4.5.1.3 Diagnosis of Gestational Diabetes In one embodiment, a subject treats diabetes, which is gestational diabetes, or maintains or decreases blood or plasma glucose, or blood or Requires maintenance or reduction of plasma glycated hemoglobin. .

One-step method (International Association of the Diabetes and Pregnancy Study Groups (IADPSG) unified view):
A 75 g OGTT is performed at about 24-28 weeks of gestation in women who have not previously been diagnosed with overt diabetes and plasma glucose is measured on an empty stomach, about 1 hour and about 2 hours. The OGTT must be performed in the morning after an overnight fast of at least about 8 hours. Diabetes mellitus is diagnosed when any of the following plasma glucose levels is met.
(1) Fasting: about 92 mg / dL (5.1 mmol / L) or more,
(2) 1 hour: about 180 mg / dL (10.0 mmol / L) or more, and (3) 2 hours: about 153 mg / dL (8.5 mmol / L) or more.

Two-step method (National Institutes of Health (NIH) unified view):

  In a woman who has not been diagnosed with overt diabetes so far, about 50 g of “glucose tolerance test” (GLT: non-fasting) is performed at about 24-28 weeks of gestation, and plasma glucose after about 1 hour Measure. If the plasma glucose level measured approximately 1 hour after loading is 140 mg / dL (7.8 mmol / L) or higher, proceed to approximately 100 g OGTT (step 2). The American College of Obstetricians and Gynecologists (ACOG) recommends a lower threshold of about 135 mg / dL (7.5 mmol / L) in high-risk minorities with a higher prevalence of gestational diabetes Some experts also recommend about 130 mg / dL (7.2 mmol / L). Approximately 100 g OGTT should be performed when the patient is hungry.

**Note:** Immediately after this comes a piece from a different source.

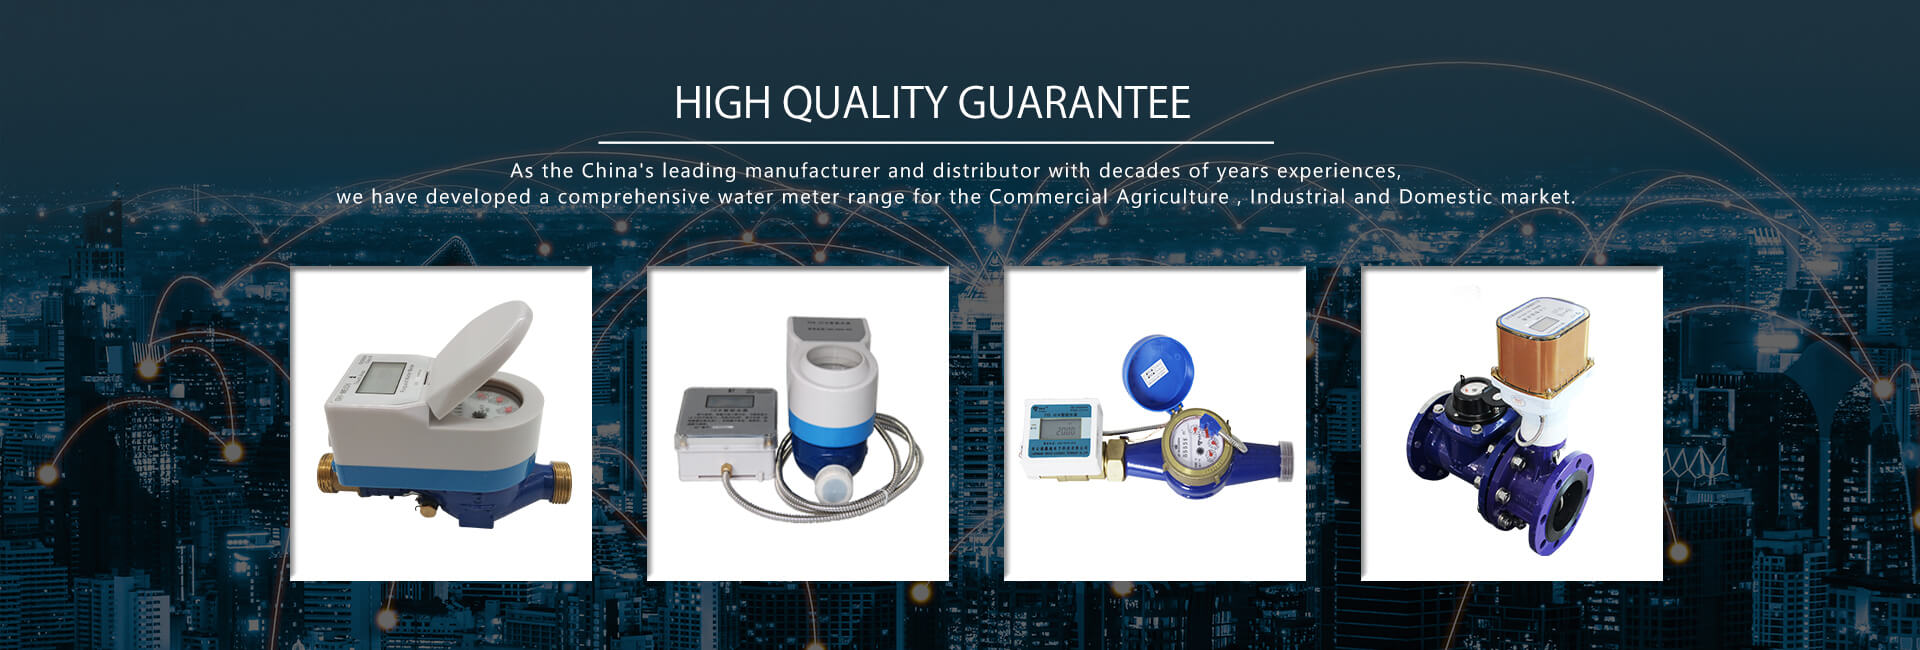 IC card water meter is an effective way to save water

  Diabetes mellitus is diagnosed when it meets or exceeds at least two of the following four plasma glucose levels (fasting, measured about 1 hour, about 2 hours, about 3 hours after OGTT) .

  In one embodiment, plasma glucose levels are reduced by a method of treating diabetes, which is gestational diabetes, or a method of reducing blood or plasma glucose, or a method of reducing blood or plasma glycated hemoglobin, A subject is diagnosed as no longer having gestational diabetes by a one-stage test or a two-stage test, or both.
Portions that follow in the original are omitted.